Obama and the Hill: Part 1

Recently on CapitolHillSeattle.com, several posts have popped up
regarding the temporary residence of an infant President-Elect Obama
and his mother Ann Dunham on our very own Capitol Hill, to be specific
516 13th Ave E, in an apartment complex that no longer exists.

Today, Capitol Hill is synonymous with diversity and acceptance. On
November 4th, 2008, we banded together in celebration of the election
of our first African American president. A drag queen sang God Bless
America from the Neighbours rooftop as people of all colors, creeds,
and sexual orientations wept with joy in the streets below. Many had
become one, our community unified by a “change you can believe in”.
This is the Capitol Hill and the Seattle we are familiar with.

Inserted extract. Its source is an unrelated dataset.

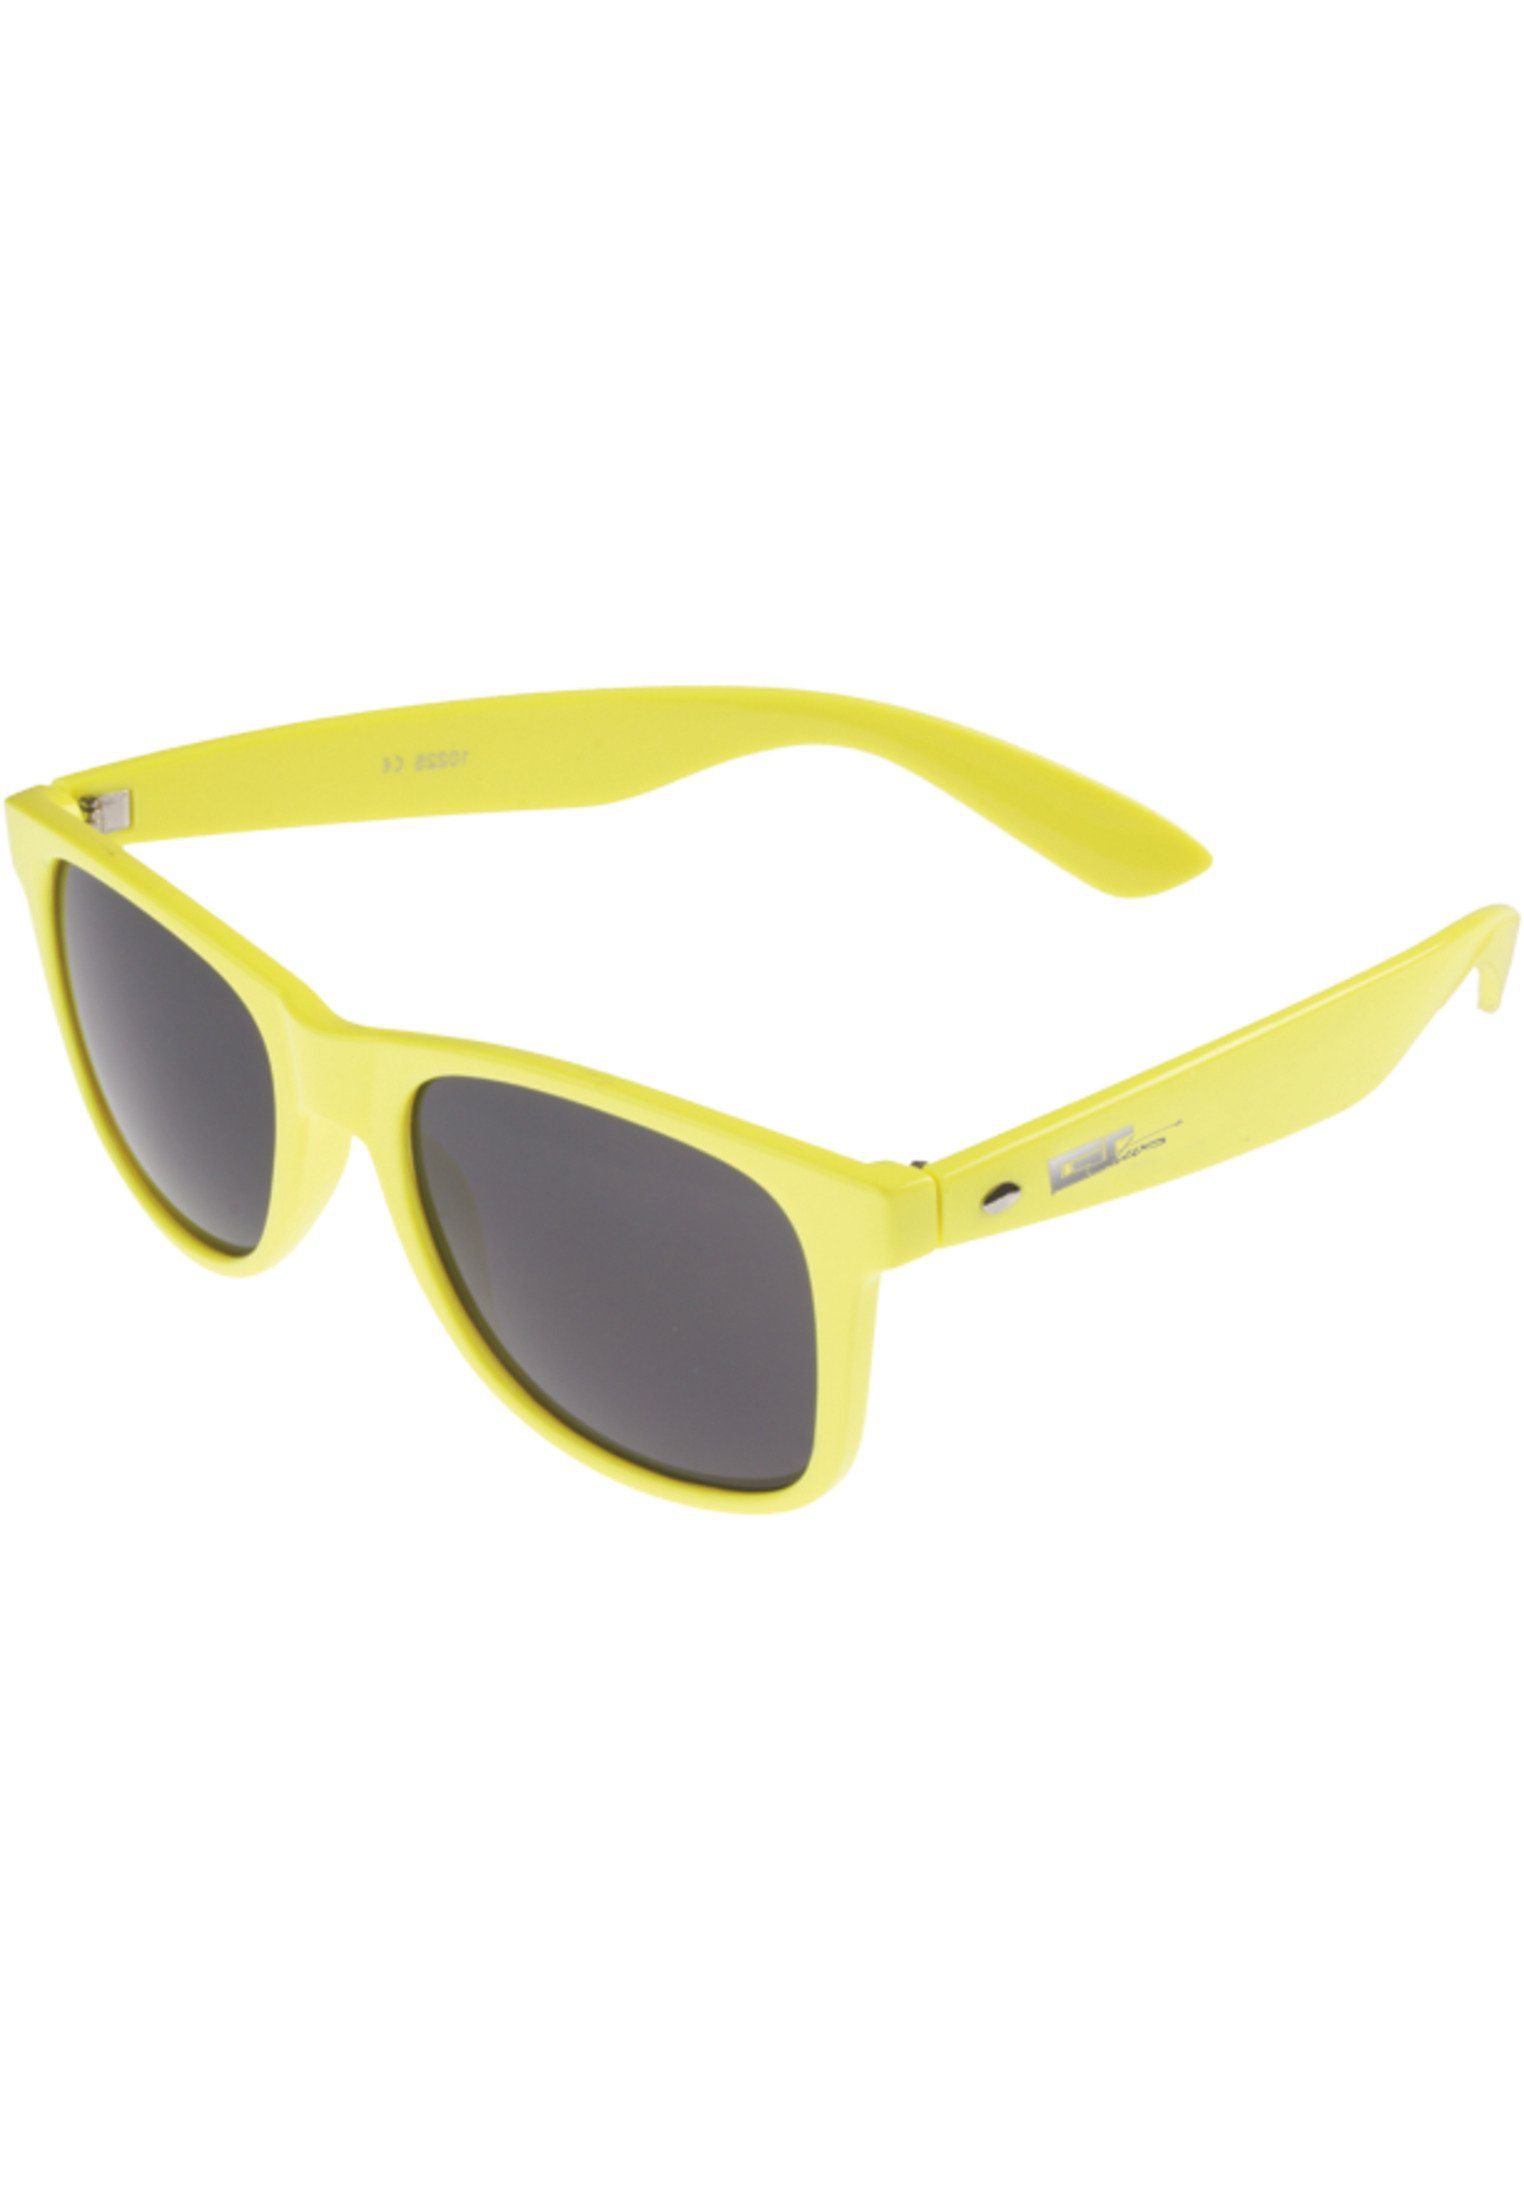 Groove MSTRDS Shades GStwo Sonnenbrille neonyellow Accessoires

Unfortunately, the history of Seattle’s Capitol Hill is not quite as
uplifting. On the website Segregated Seattle, one finds a deeper look
into our city’s sordid past of racially restrictive property and
neighborhood covenants, real estate and job lockouts for African and
Asian Americans, as well acts of violence on their homes.

The Capitol Hill Times briefly courts the subject of race in their article “Barack Obama: from Capitol Hill to Capitol Hill”by commenting on the likelihood Ann Dunham “came across many social
prejudices in the predominantly all-white campus” when in reality,
just three years previous to her move to Seattle, a mixed-race couple
Ray and Marion West, found a cross burning outside their house U-
District home. CHT continues “[p]erhaps Ann Obama felt more at ease in
the diverse neighborhood of Capitol Hill”. It’s doubtful she had much
of a choice.

Map of residential patterns for African Americans in 1960 from Segregated Seattle.

1 Comment so far

  1. charlette on January 14th, 2009 @ 1:55 am

    Great observation. Now Capitol Hill residents can say Barack Obama was once their neighbor.

    Indeed I’m seriously wondering what makes this small artistic neighborhood in this city shine. The angels must have blessed this area.
    It would be interesting to find out what the Indians called this hill.

    I’m looking forward to part two and three.